## Your goal:
Repeat the data exactly. Pictures are not part of the copy.
[Given material — start]
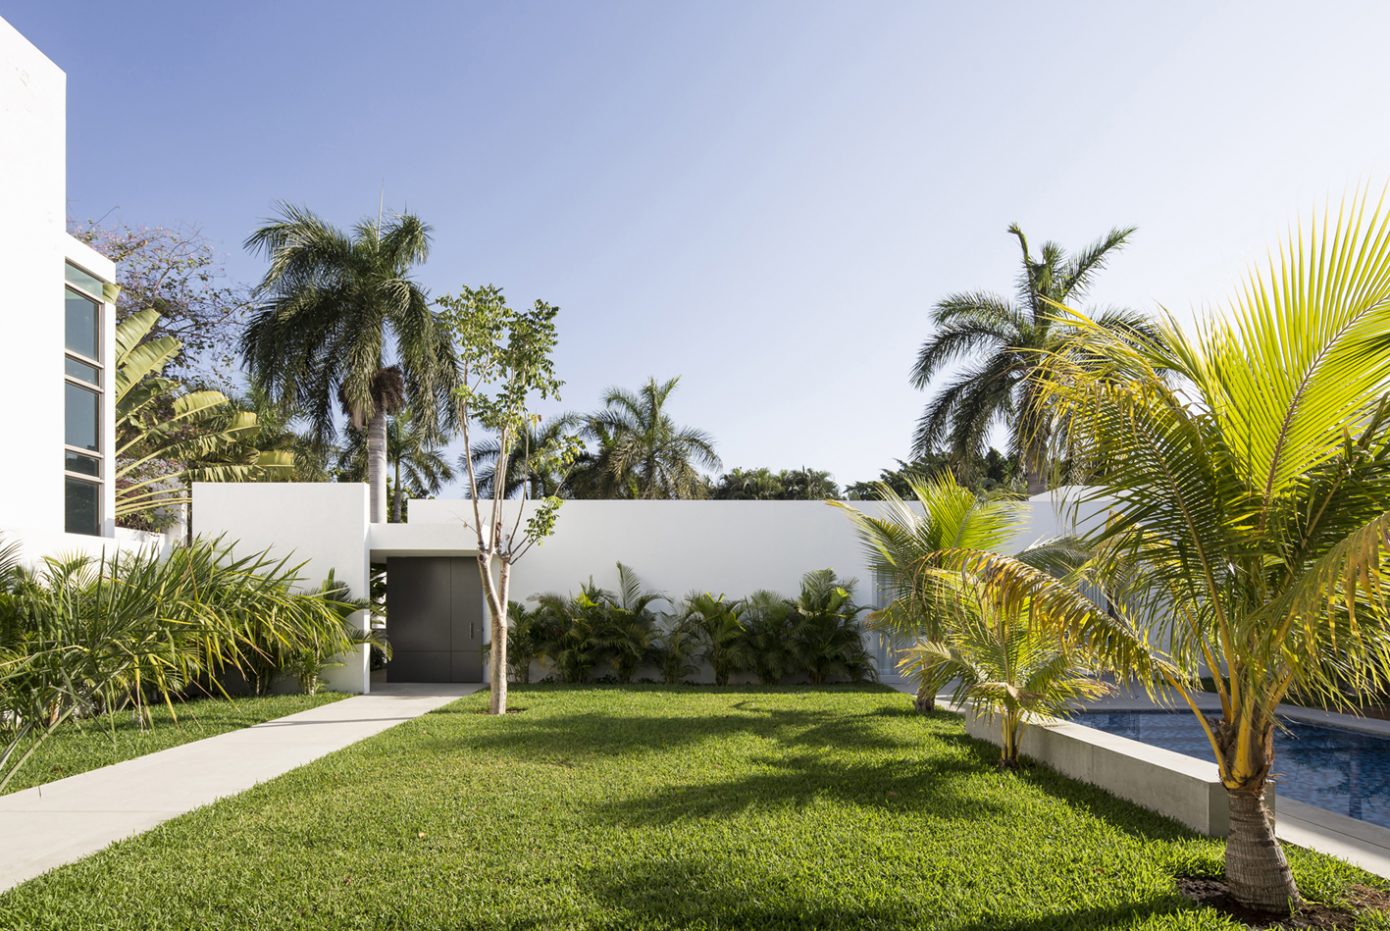 Wide House by Augusto Quijano Arquitectos
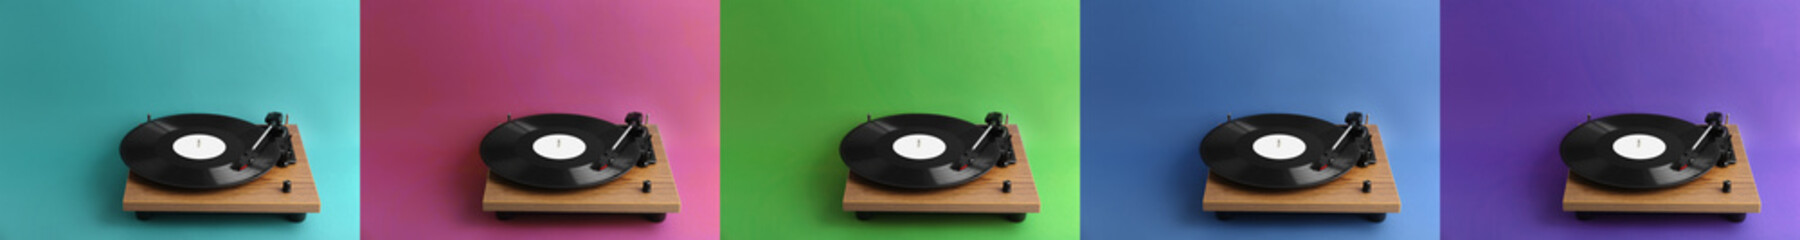 Collage of turntables with vinyl records on different color backgrounds. Banner design
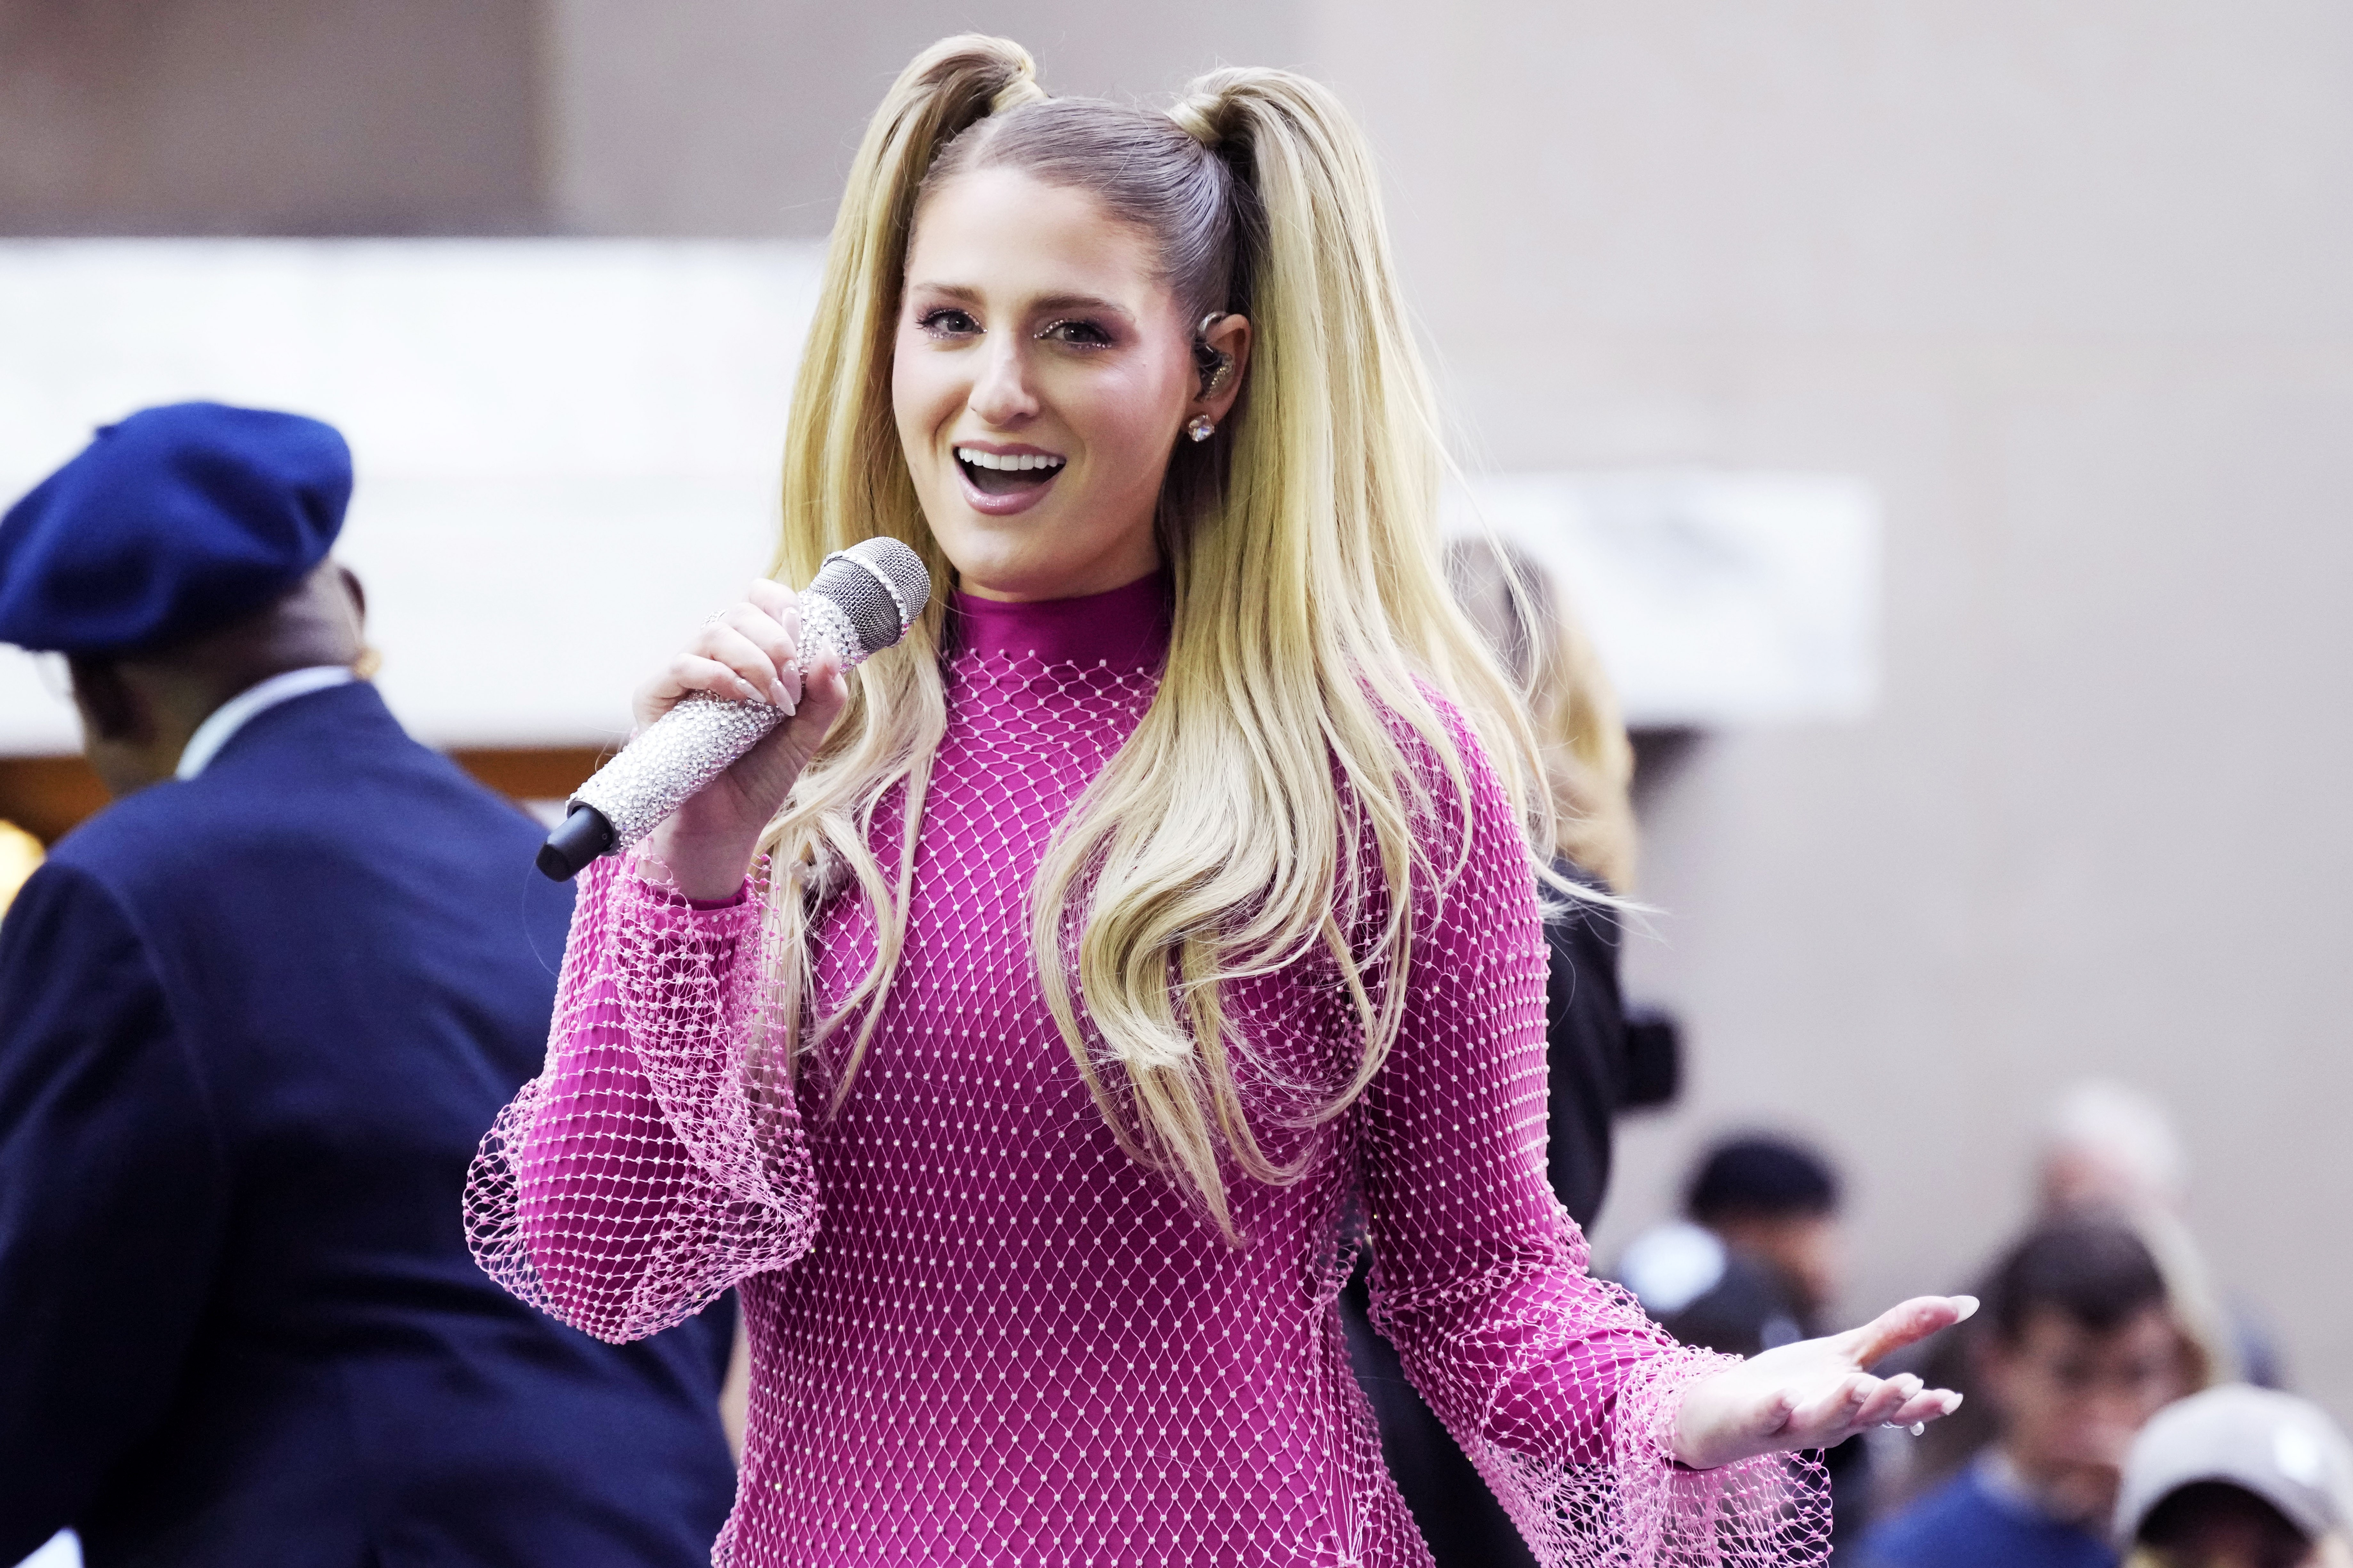 Look: Meghan Trainor releases new album, 'Made You Look' music video 
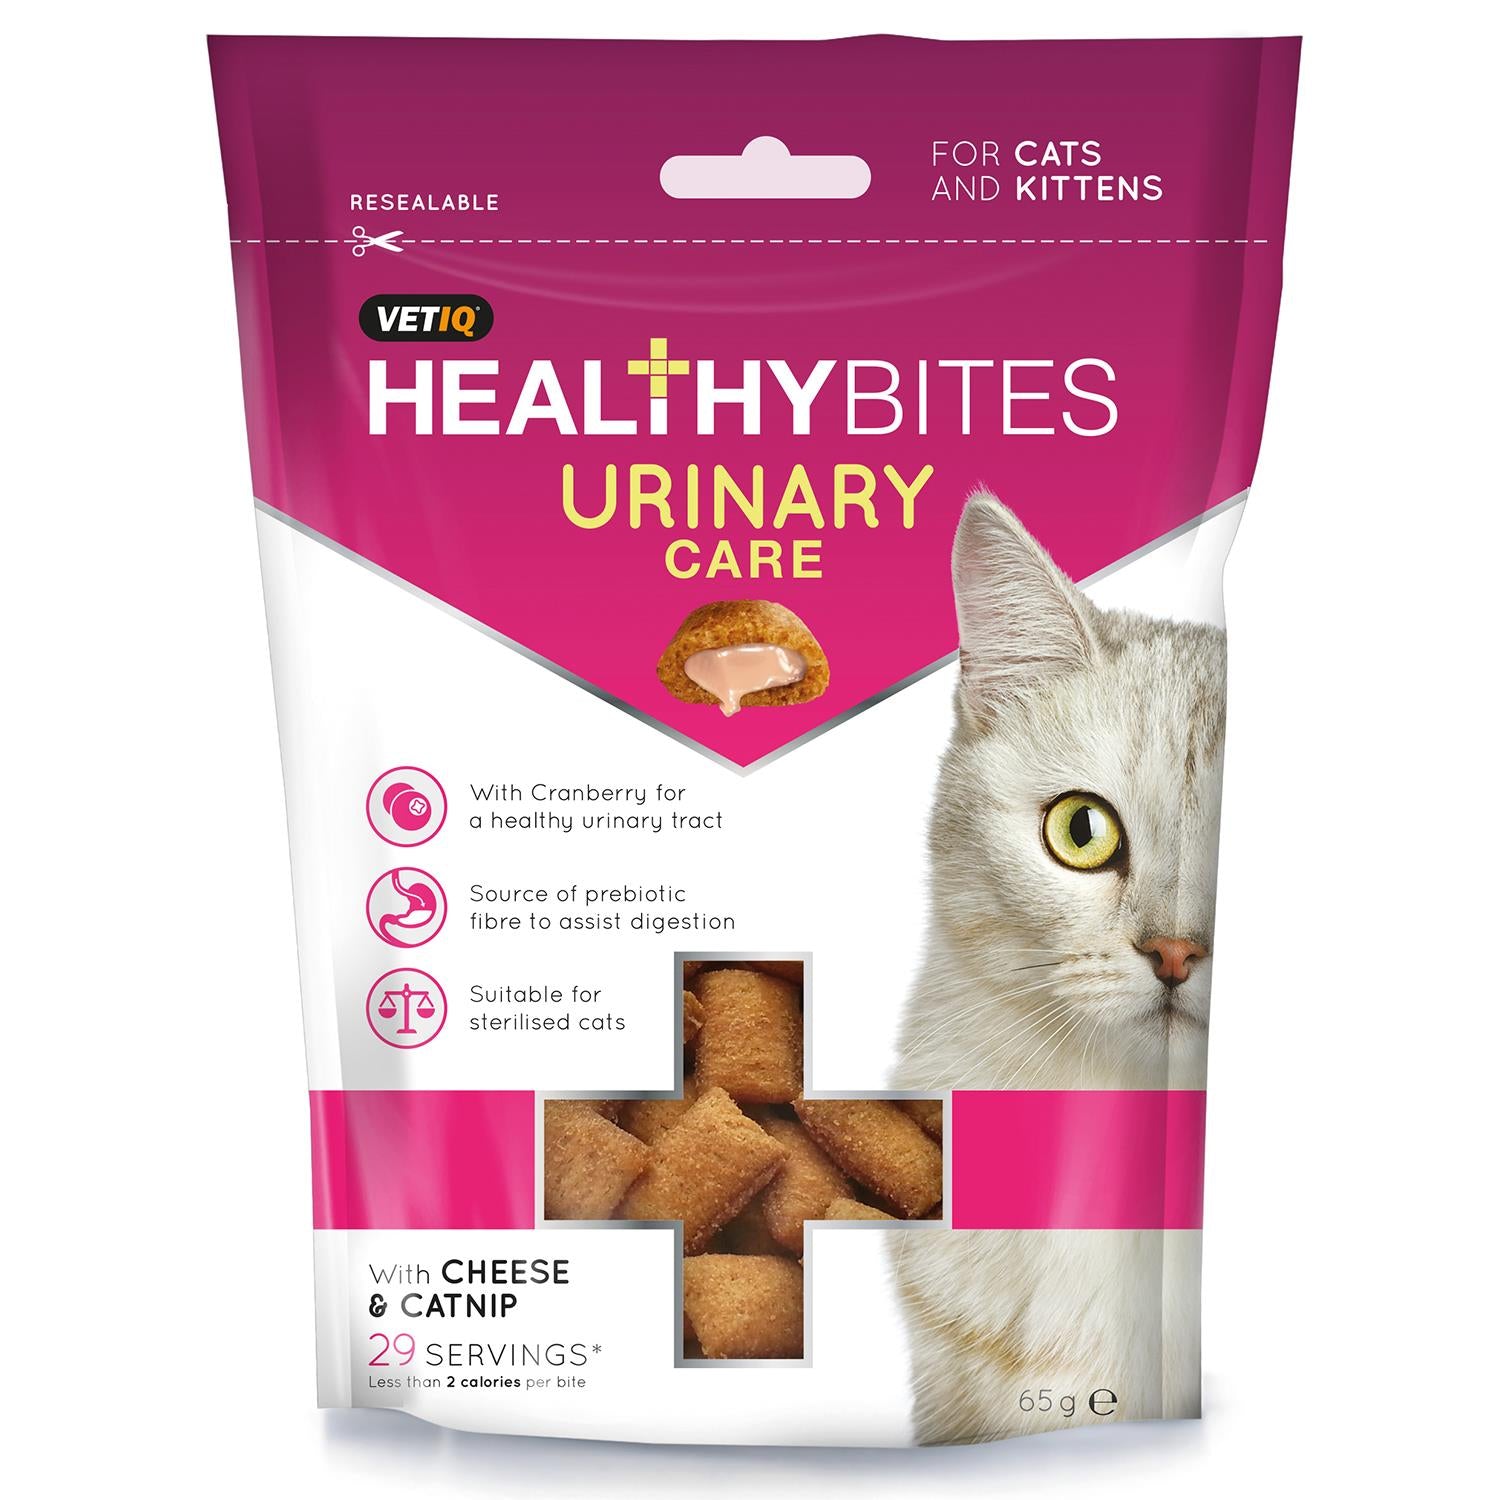 Vetiq Healthy Bites Urinary Care For Cats & Kittens - Just Horse Riders
[Given material — finish]
## Answer below:
 Wide House by Augusto Quijano Arquitectos
 Collage of turntables with vinyl records on different color backgrounds. Banner design
 Look: Meghan Trainor releases new album, 'Made You Look' music video 
 Vetiq Healthy Bites Urinary Care For Cats & Kittens - Just Horse Riders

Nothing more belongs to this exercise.